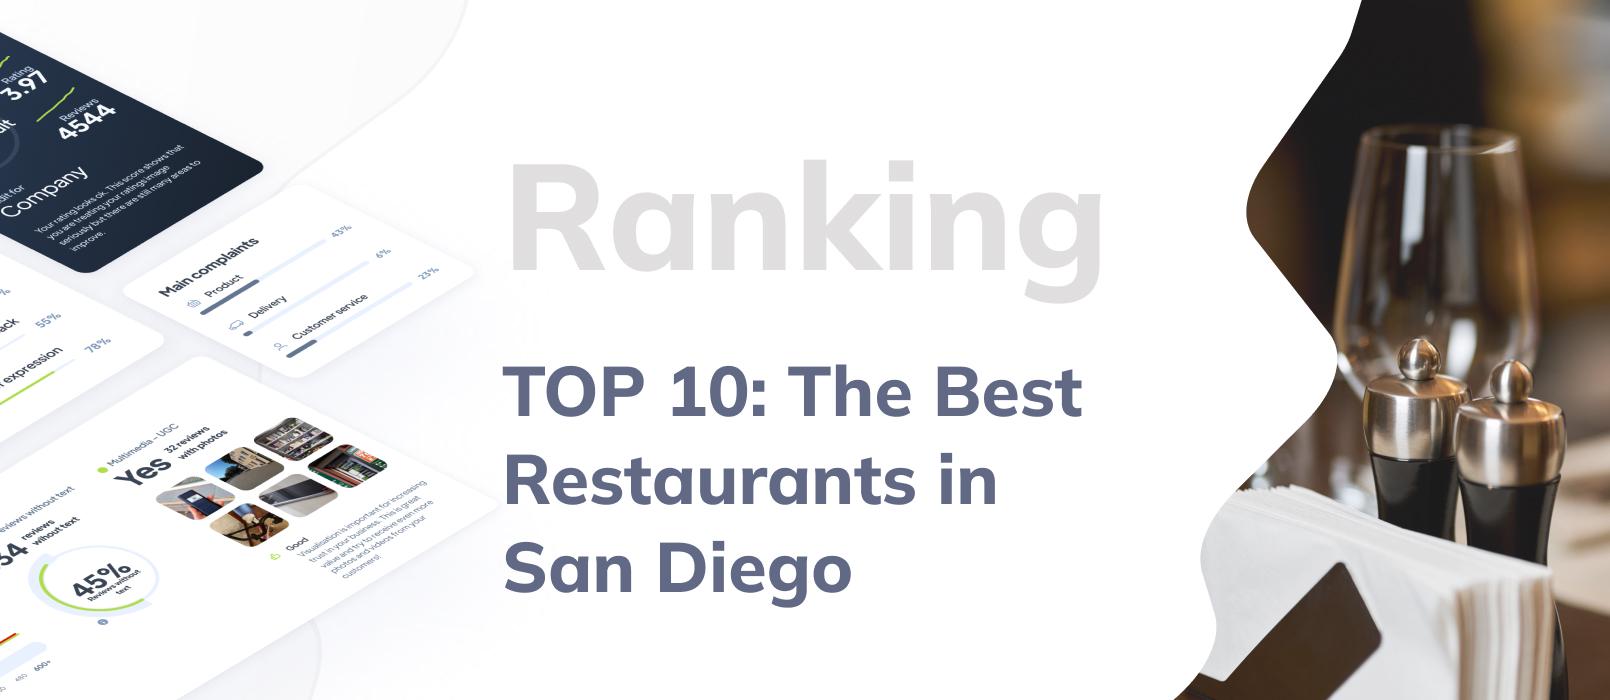 TOP 10 of the Best Restaurants in San Diego - Ranking Based on Google Reviews
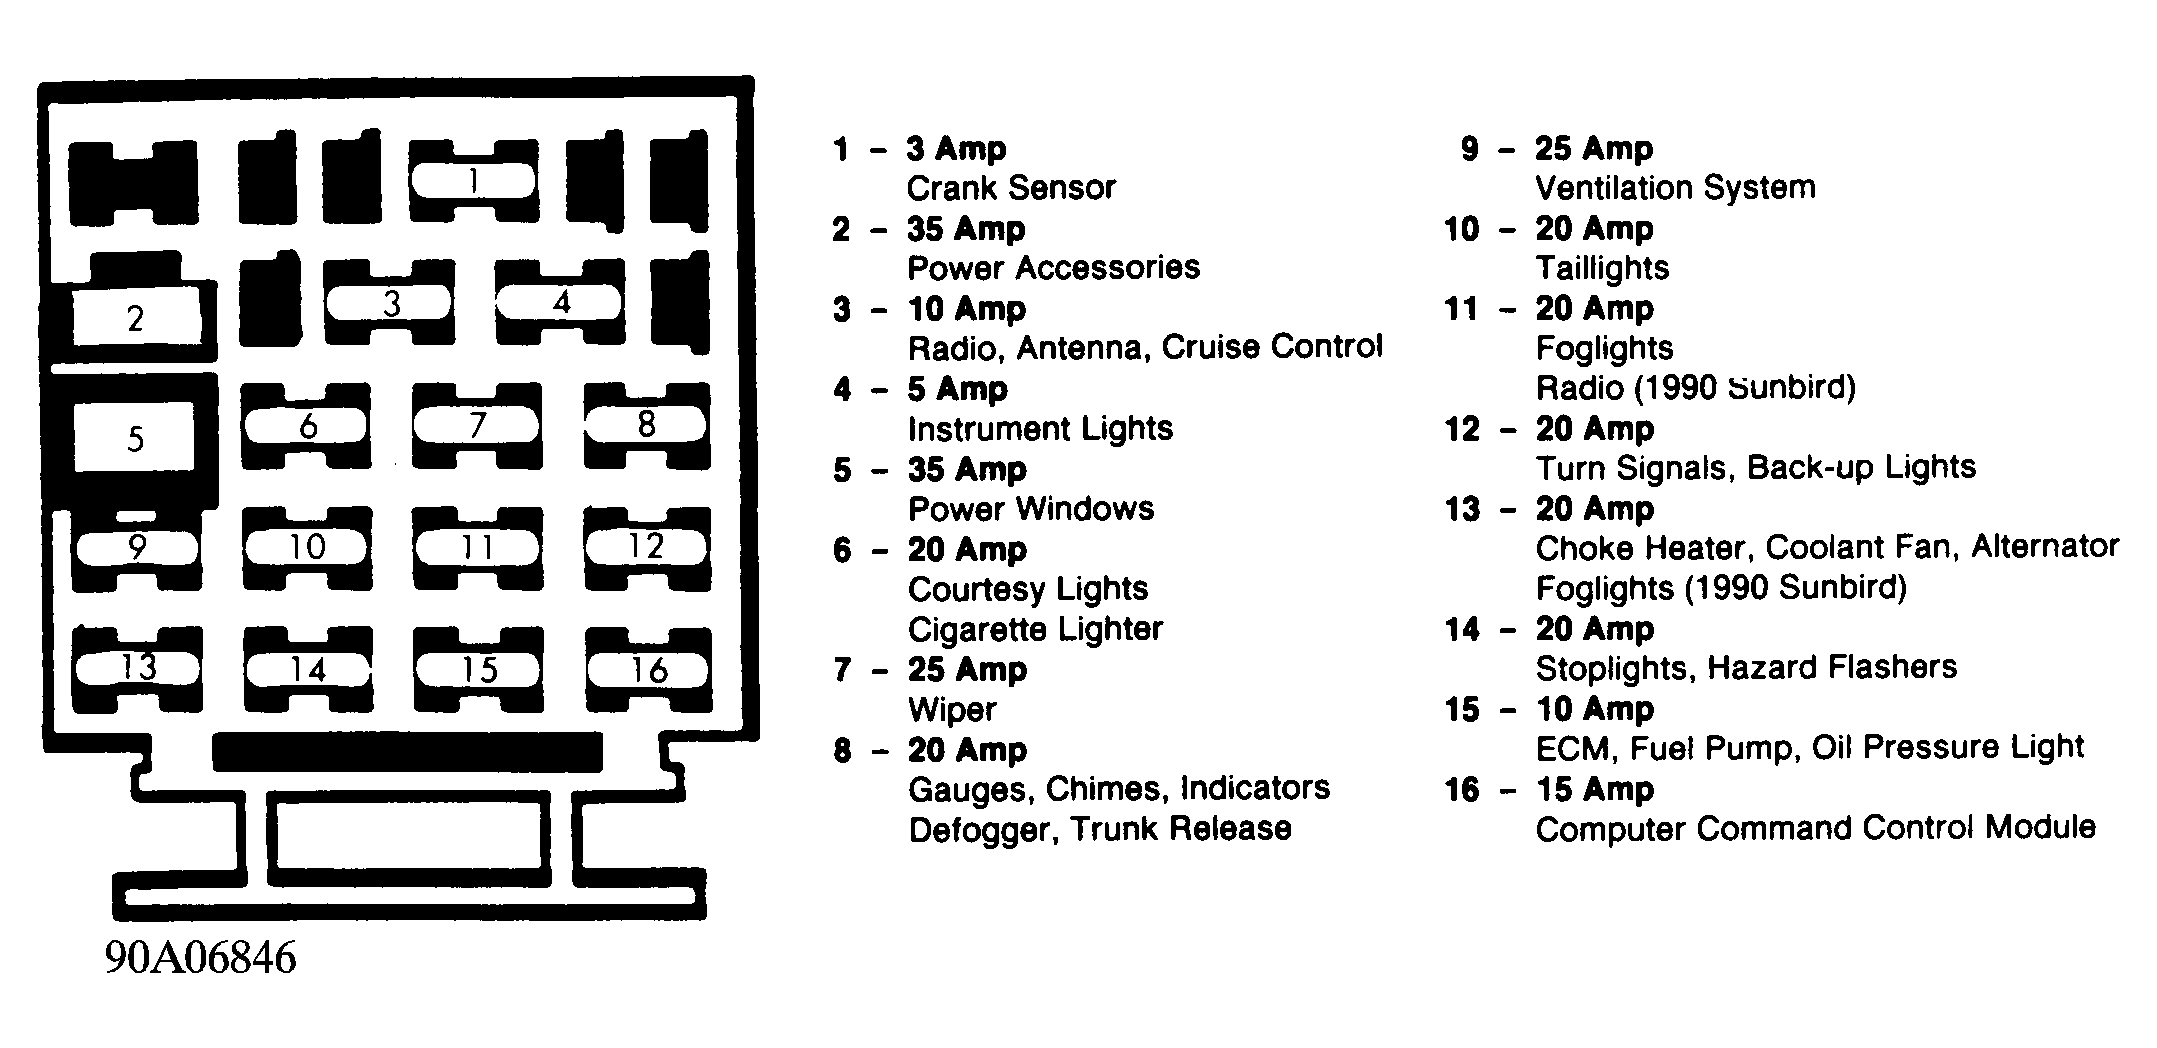 Chevrolet Cavalier VL 1994 - Component Locations -  Fuse Panel Identification (Typical 1983-90 Models)
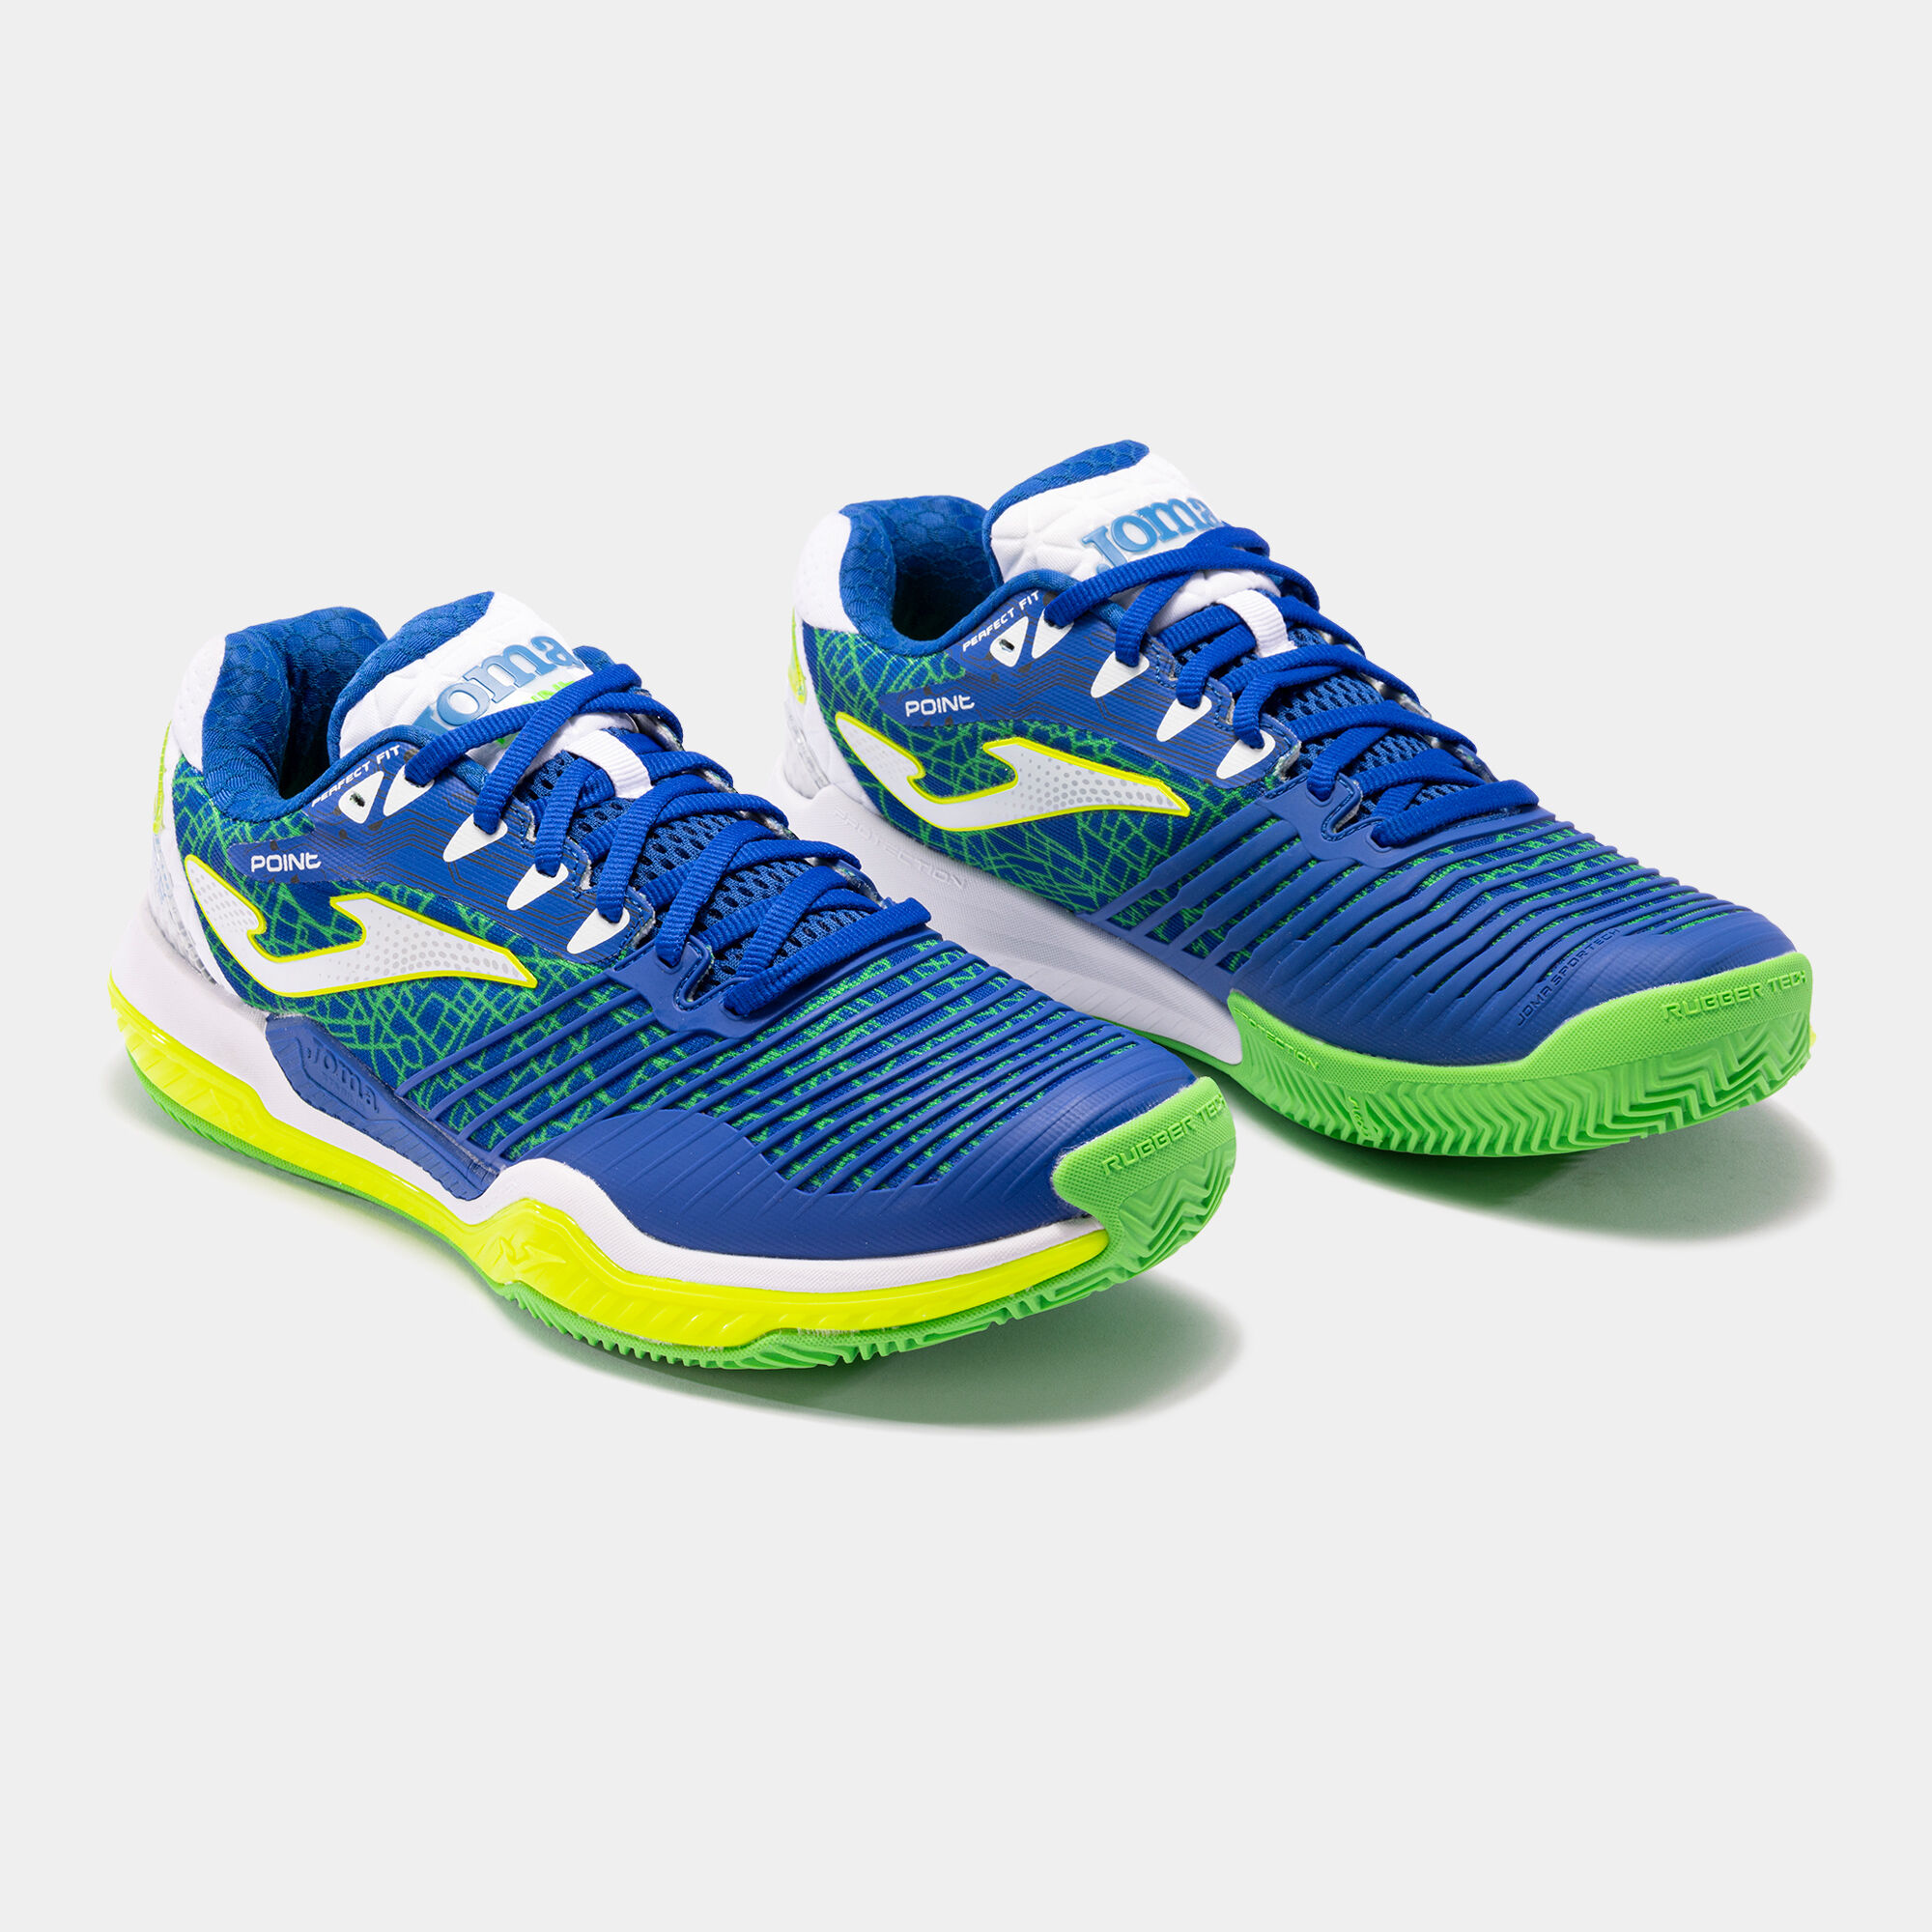 SHOES POINT 22 CLAY UNISEX ROYAL BLUE FLUORESCENT YELLOW

• _ABOUT THIS EXERCISE_:
What is needed is an exact repeat of only the lines from the one containing "Chevrolet Cavalier VL" through the last line of the listing above, both ends included, without the pictures.

• _ANSWER SECTION_:
 Chevrolet Cavalier VL 1994 - Component Locations -  Fuse Panel Identification (Typical 1983-90 Models)
 SHOES POINT 22 CLAY UNISEX ROYAL BLUE FLUORESCENT YELLOW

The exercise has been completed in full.